[Source data Boundary: Start]

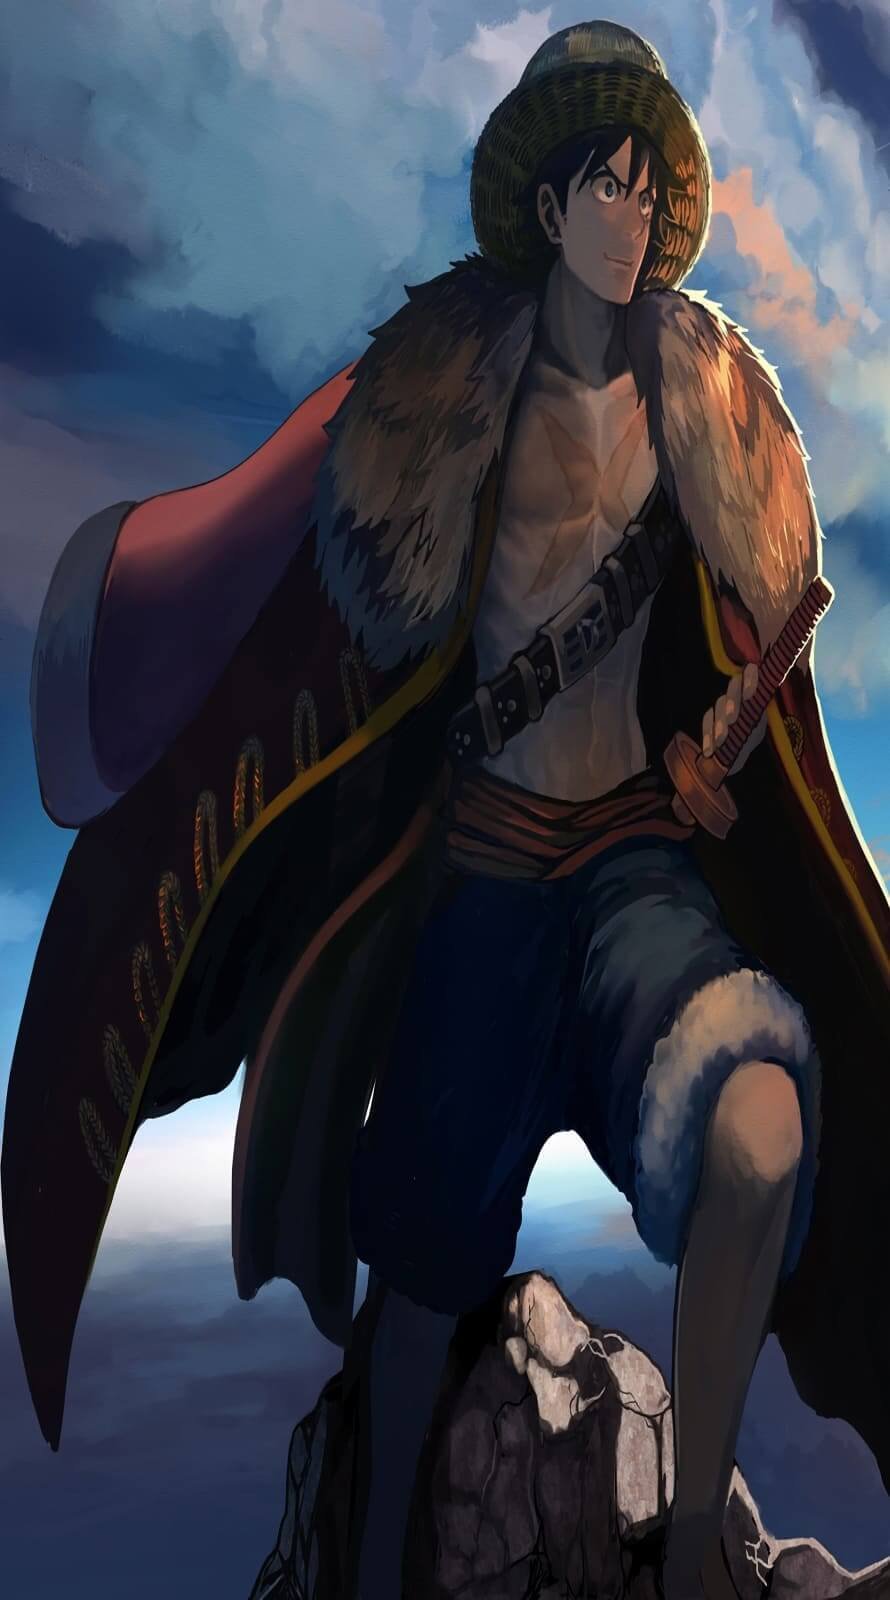 4k Monkey D Luffy One Piece Anime Character Iphone 14 Pro Wallpaper 5 Iphone 13 Pro Max Wallpaper Iphone 12 Background Iphone Wallpaper Iphone Backgrounds Wallpapersupdate Best Iphone Wallpapers And Iphone Backgrounds
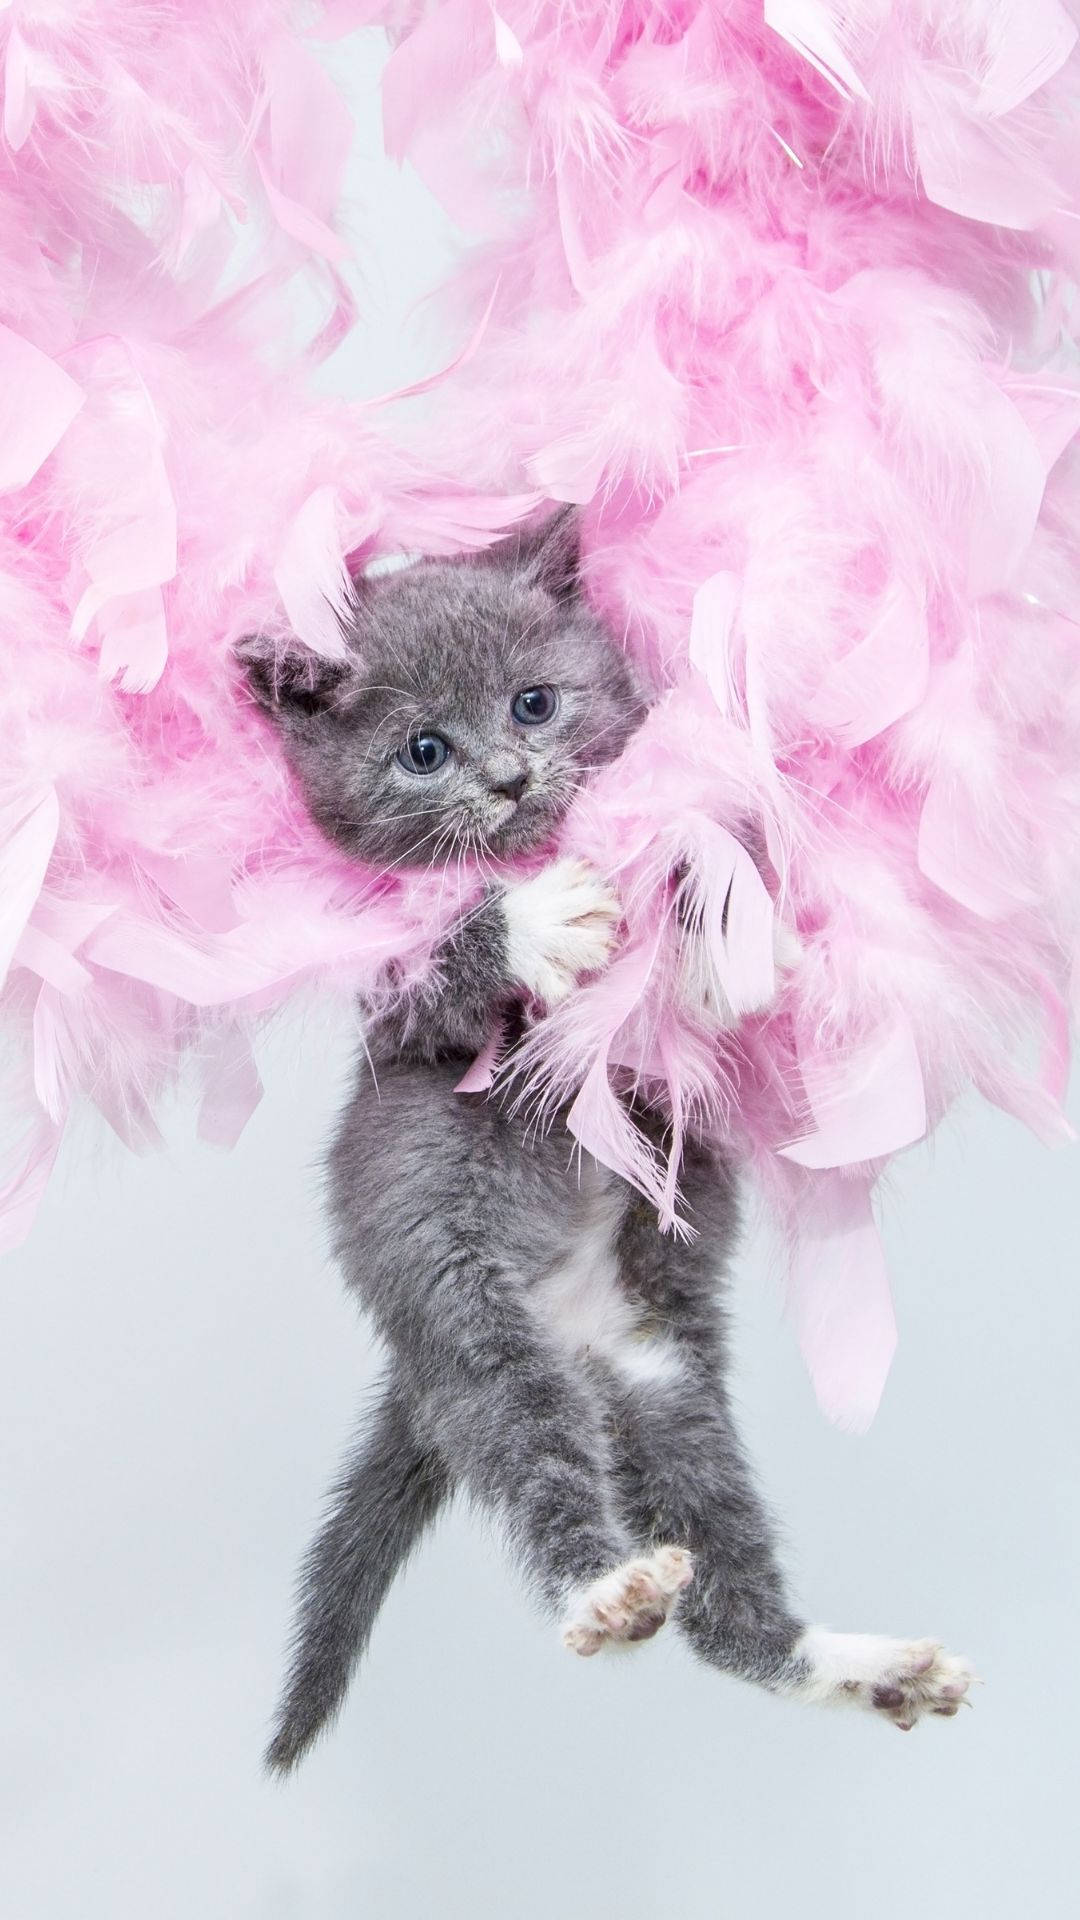 Ipod Touch Gray Kitten On Pink Feathers
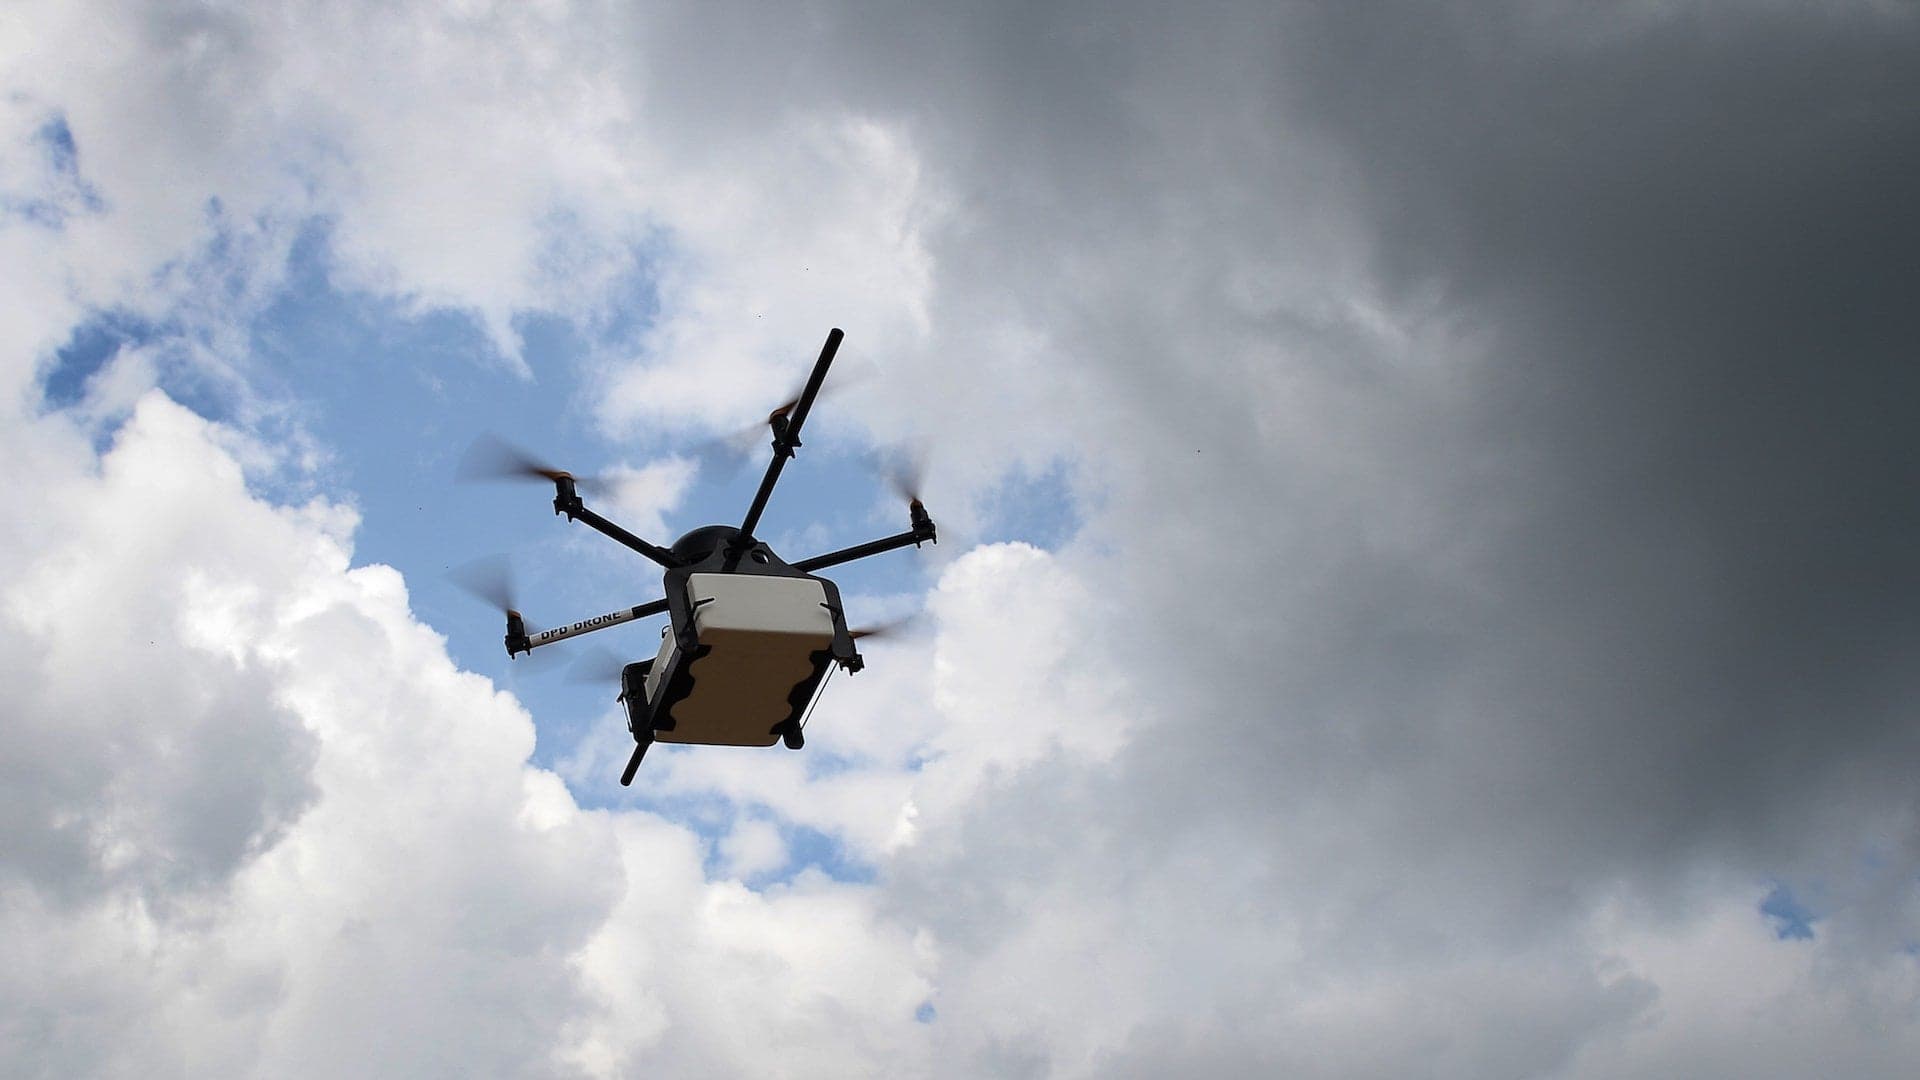 North Carolina Awaits Approval for Medical Supply Drone Deliveries

[Source data Boundary: End]

**Task description**.
Transcribe the data exactly, minus any images.

**Exercise output**.
 4k Monkey D Luffy One Piece Anime Character Iphone 14 Pro Wallpaper 5 Iphone 13 Pro Max Wallpaper Iphone 12 Background Iphone Wallpaper Iphone Backgrounds Wallpapersupdate Best Iphone Wallpapers And Iphone Backgrounds
 Ipod Touch Gray Kitten On Pink Feathers
 North Carolina Awaits Approval for Medical Supply Drone Deliveries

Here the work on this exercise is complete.